As a preliminary matter, the Board found that the reference was silent about whether protocols coordinated or not. Notably, the Board specifically rejected the idea that the silence in the reference taught the limitation "by negative implication. The Board's obviousness analysis was interesting. The Board noted that if the issue was viewed as a choice between two protocols (coordinating and uncoordinating), the claim was obvious under KSR's "finite choices" rationale, assuming there was a design need or market pressure to solve the problem. But the Board framed the issue differently:
[T]here may be other types of protocols that could include attributes of both coordinating and uncoordinating protocols. As such, we cannot say that there would be a finite number of identified, predictable solutions, let alone that it would have been obvious to try them to arrive at the claimed invention.
Related posts: I first discussed this topic in a post about Ex parte Grath, a case in which I strongly disagreed with the inference that the Board drew from silence in a reference. I followed up on the topic in this post, in which I discussed two Federal Circuit cases that seem to be the most relevant to silence in a reference.
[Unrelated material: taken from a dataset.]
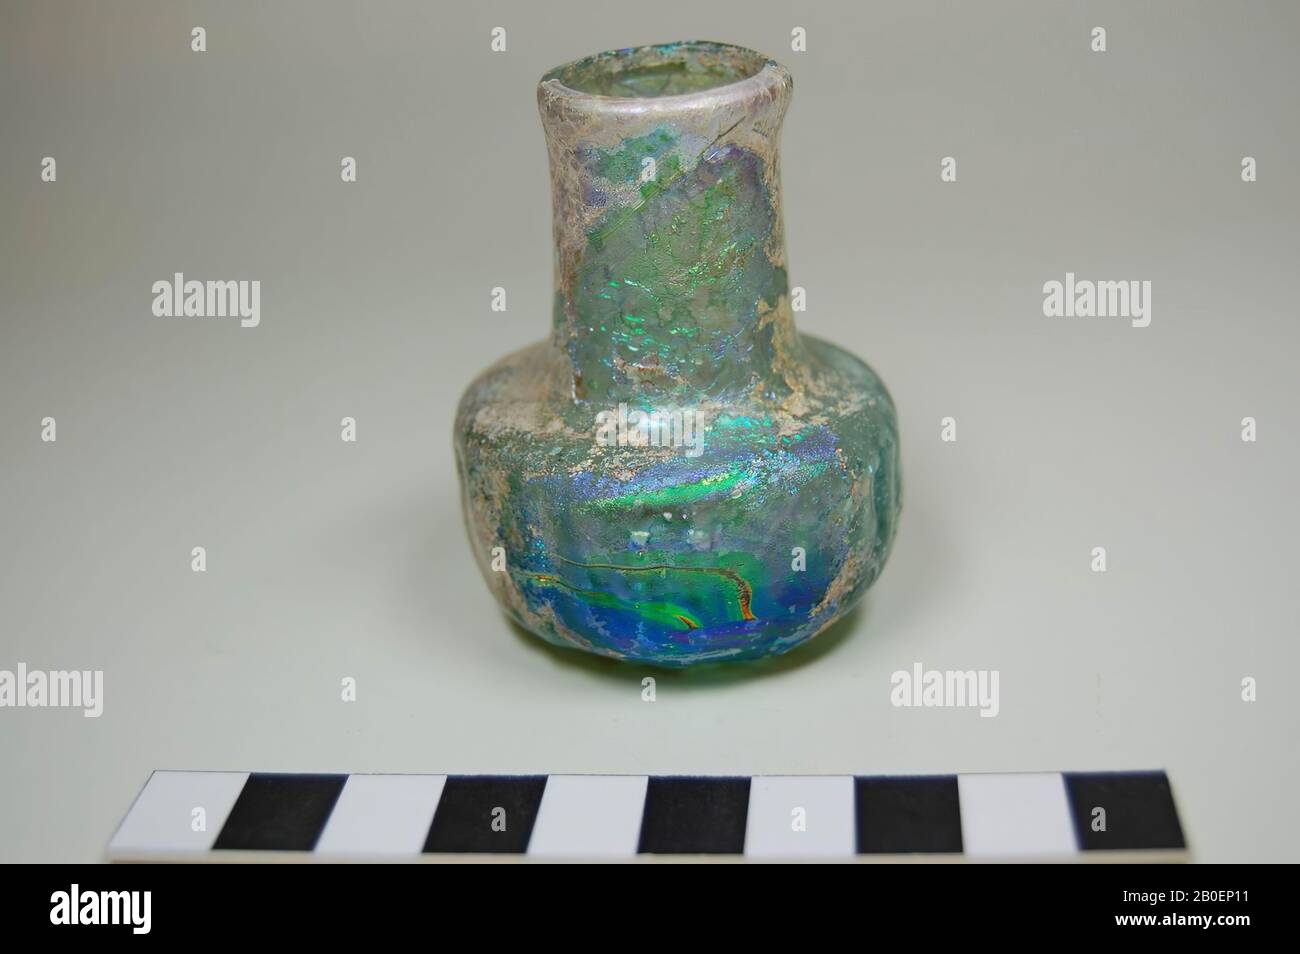 Flasche hellgrün schillerndes Glas. Flaches geripptes Gehäuse mit breitem zylindrischem Hals, Vase, Glas, 6 cm, Griechenland Stockfoto

Note that one of those cases (Upsher-Smith Labs., Inc. v. Pamlab) discusses multiple inferences. But in Upsher-Smith, the POSITA had enough information to infer that both options are taught, as opposed to not having enough info to know which inference to draw.
"Case law from the BPAI suggests that when a POSITA could draw two different inferences from the implicit teachings of a reference, this is not enough for anticipation. "
ReplyDeleteUnless he would necessarily draw BOTH. And that's a real btch to explain to people sometimes.
""A diaphragm comprising: a sheet of material formed on a substrate having a hole, the sheet of material covering the hole and including one or more corrugations that are substantially free of defects." "
ReplyDeleteKaren, we've been over and over this. When is a limitation negative? When it limits based on what the product/method IS NOT rather than what it IS. Here, the product IS substantially defect free. Hence, this is not a negative limitation. This is a good example of a situation where the applicant could have succumbed to the temptation to use a negative limitation but instead used the positive version as is more proper to do. Like in the "inflexible" vs. "rigid" decision that one must make when choosing one's words, "rigid" is a positive limitation that means the same thing as the negative limitation "inflexible".
"[Comment: I think the Board confused operable with defect-free. Surely the diaphragm in the reference could have defects and still operate.]"
Indeed, but they also appear to have reached the correct conclusion in that one. One o skill does not presume that defects are there, unless something in the art would suggest this. One presumes that nothing except what is stated in the reference is there. That happens to be a situation where there is no defects being present.